Петр Петрович, естественно, принялся ухаживать за одной из дам. Несмотря на её протесты, он упорно называл ее Моникой и приглашал пройти в опочивальню. Я не Моника и я не хочу спать, – говорила дама. – Я хочу апельсин. Я твой апельсин, – скромно вставил Бутафорин. Как говорится, кто весел, тот добьется. И вот уже бьется трепещет безумствует в экстазе баловень женщин и муз. Он возлюбил Монику, точнее, даму, которую перепутал с ней, он возлюбил ее сзади. То есть он сначала не понял, что сзади. Он искал губ, уст сахарных, дабы слиться и в поцелуе. Однако не было ни губ, ни глаз, ни даже носа. И вообще всё лицо заросло волосами. Ага, догадался он наконец, это ОБРАТНАЯ сторона луны. Черные длинные шелковистые локоны. О, Моника! А какая спина! Однако она как будто стала шире в плечах. И мышцы спины как будто огрубели, стали рельефными. – И когда накачаться успела, чертовка! В смутном нехорошем предчувствии он подсунул руку под её грудь. Груди не было! То есть была, но не та, не Моники. У Моники грудь большая и мягкая, а тут плоская и волосатая. И тут дама повернула вполоборота свою голову. Бутафорин увидел профиль… Он узнал: это была… это был Шимпанзе. От неожиданности наш Петенька кончил и заснул.

8

Первым чувством его, когда он проснулся, было удивление, смешанное с испугом. Где я? Вероятно, этот вопрос материализовался на его лбу, поскольку вошедший дворецкий начал свою речь с пояснения: – Вы в доме синьора Паучини…

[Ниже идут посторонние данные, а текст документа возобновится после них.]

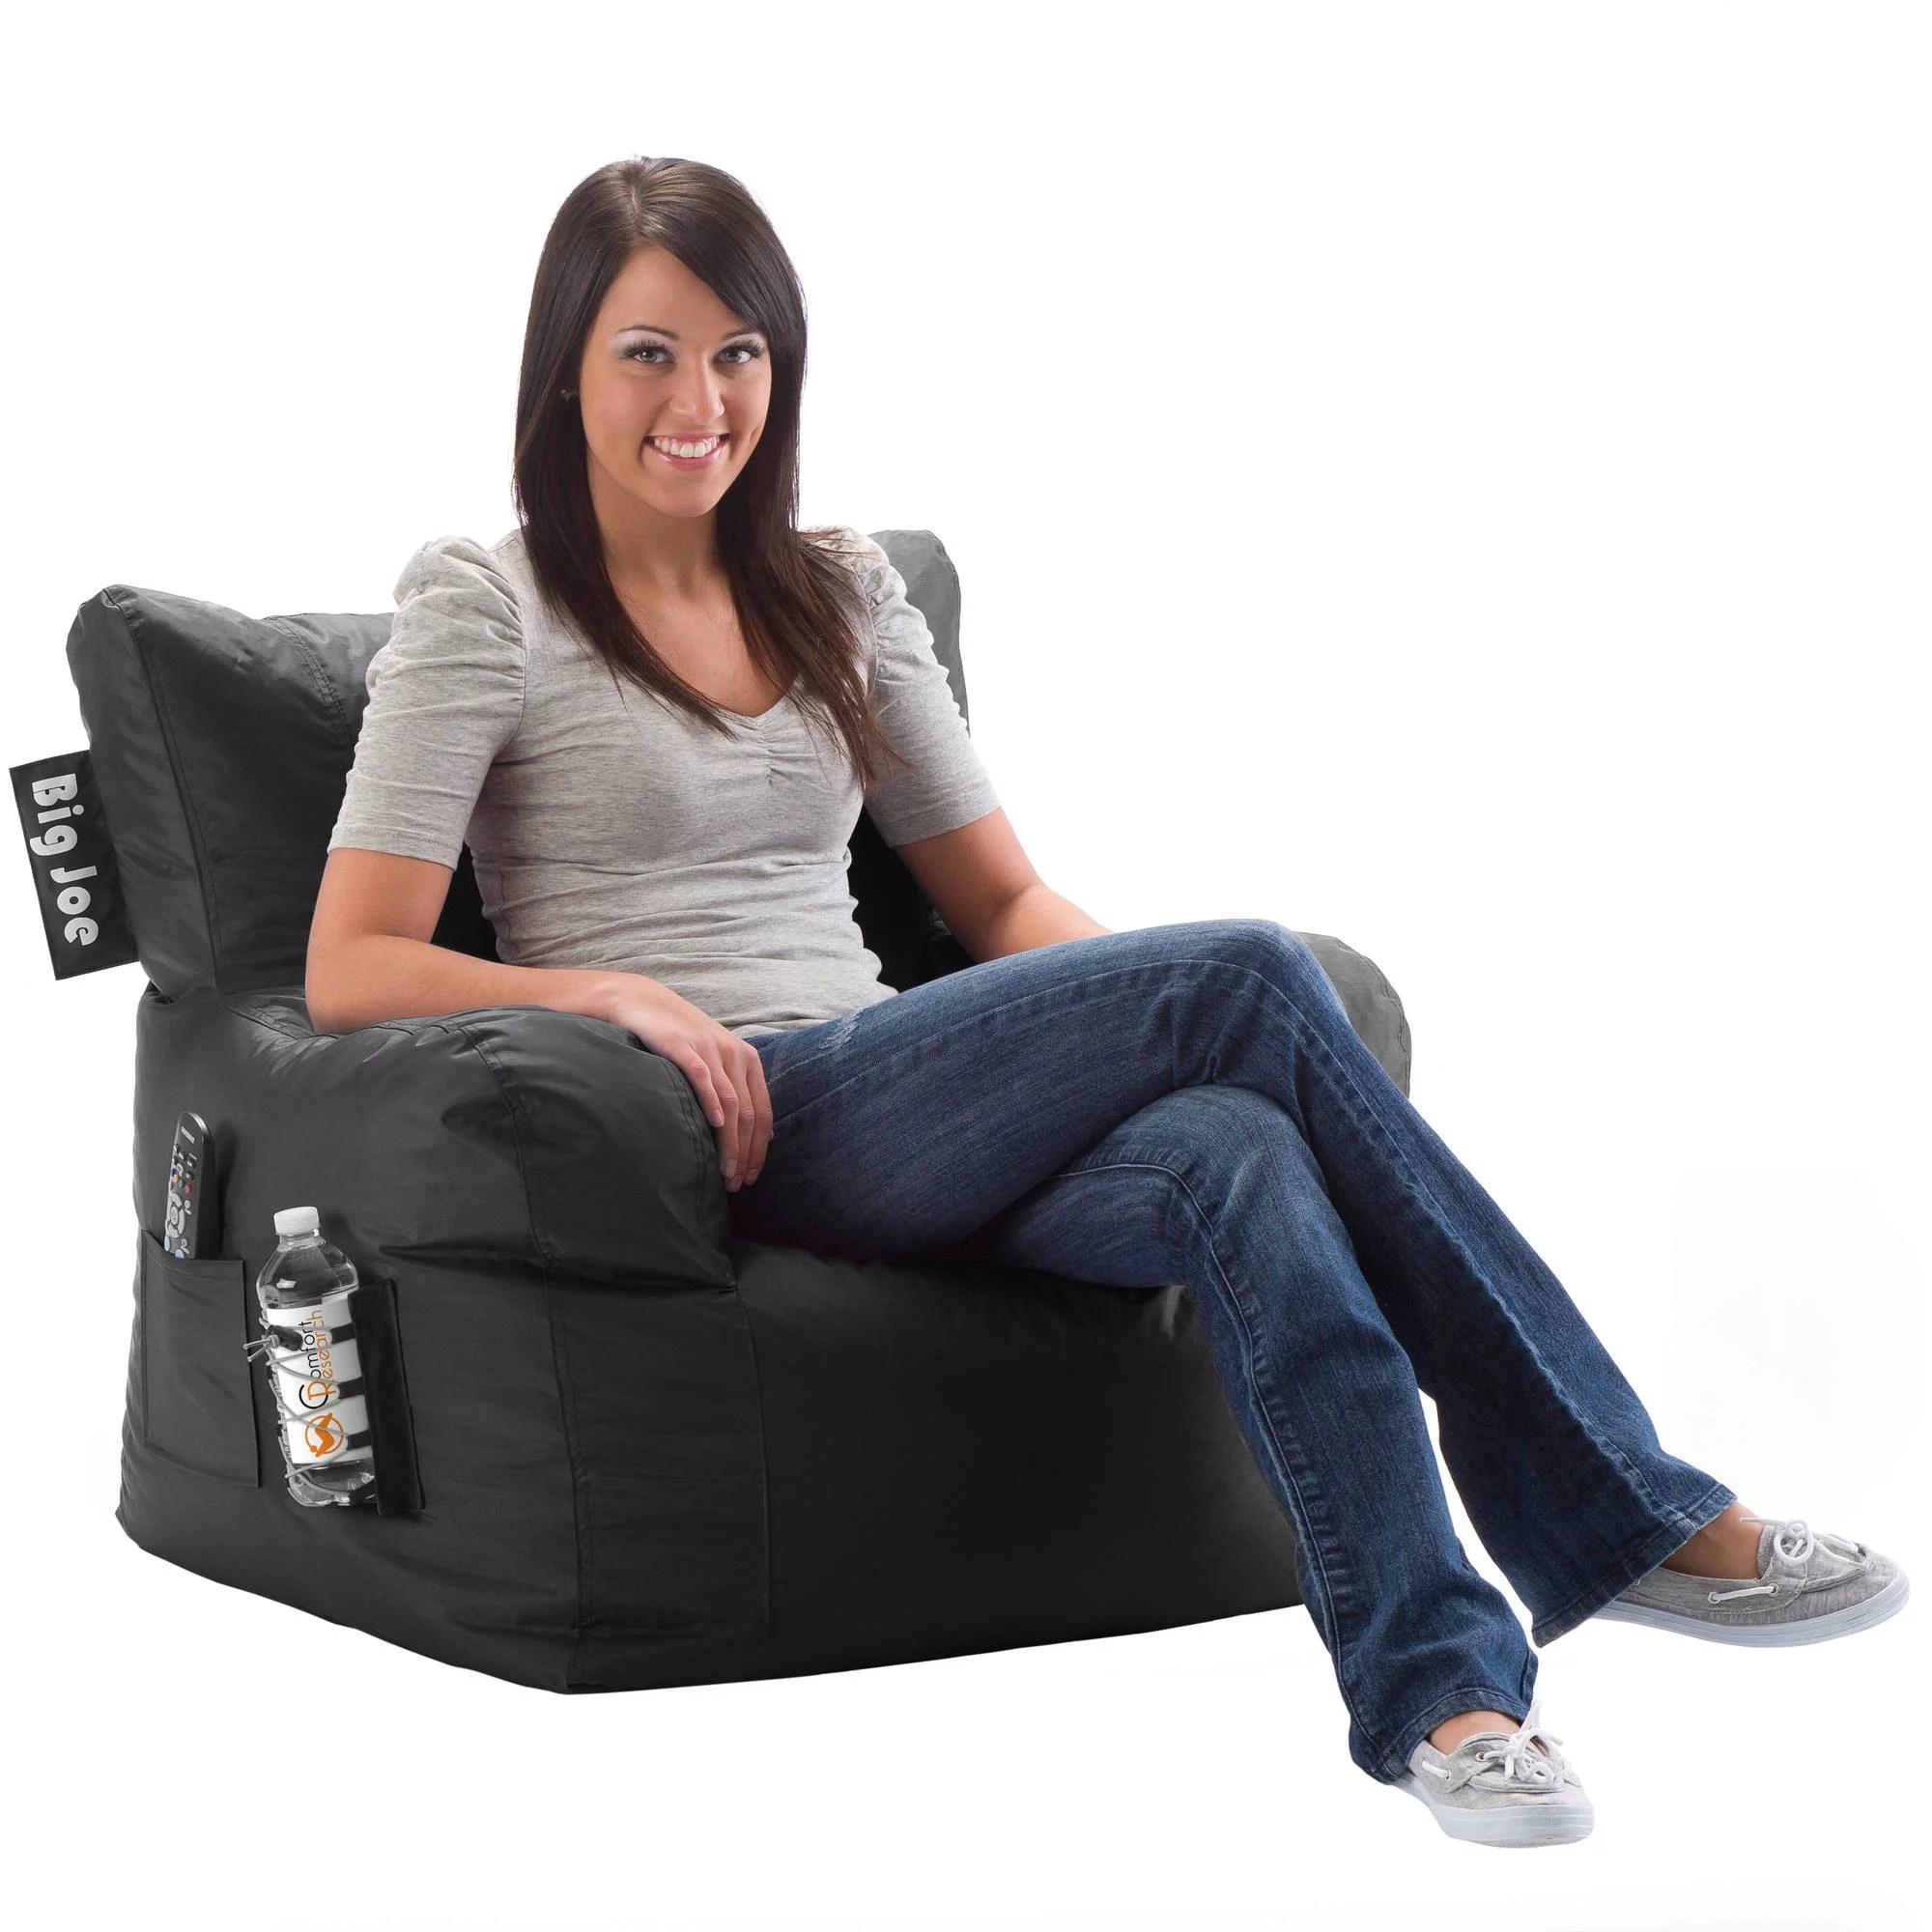 Big Joe Bean Bag Chair Multiple Colors Black  eBay

Это была фамилия Шимпанзе. И Бутафорин все вспомнил. Ну положим, не все, но он вспомнил главное, и ему стало мучительно больно за бесцельно прожитые годы. А дворецкий продолжал: – Барин просил вас дождаться его возвращения. Что прикажете? Завтрак в постель или сначала, может быть, примите ванну?

– Знаем мы ваши ванны! – сказал Петр Петрович. – Давайте завтрак, только пожиже. И не забудьте пива.

Подкрепившись, он почувствовал, что его совесть, которая сегодня расположилась почему-то в голове, уж не так болит. Тик-так. Он взглянул на часы. Те показывали кошмар. Боже, он проспал весь день, не говоря уже о ночи! Что подумает Моника?! Она его потеряла. Какое ему дело до Шимпанзе, ведь он любит Монику! И он бросился наутек.

Добежал доплыл долетел. И остановился, тяжело дыша, перед дверью, услышав за нею голос возлюбленной.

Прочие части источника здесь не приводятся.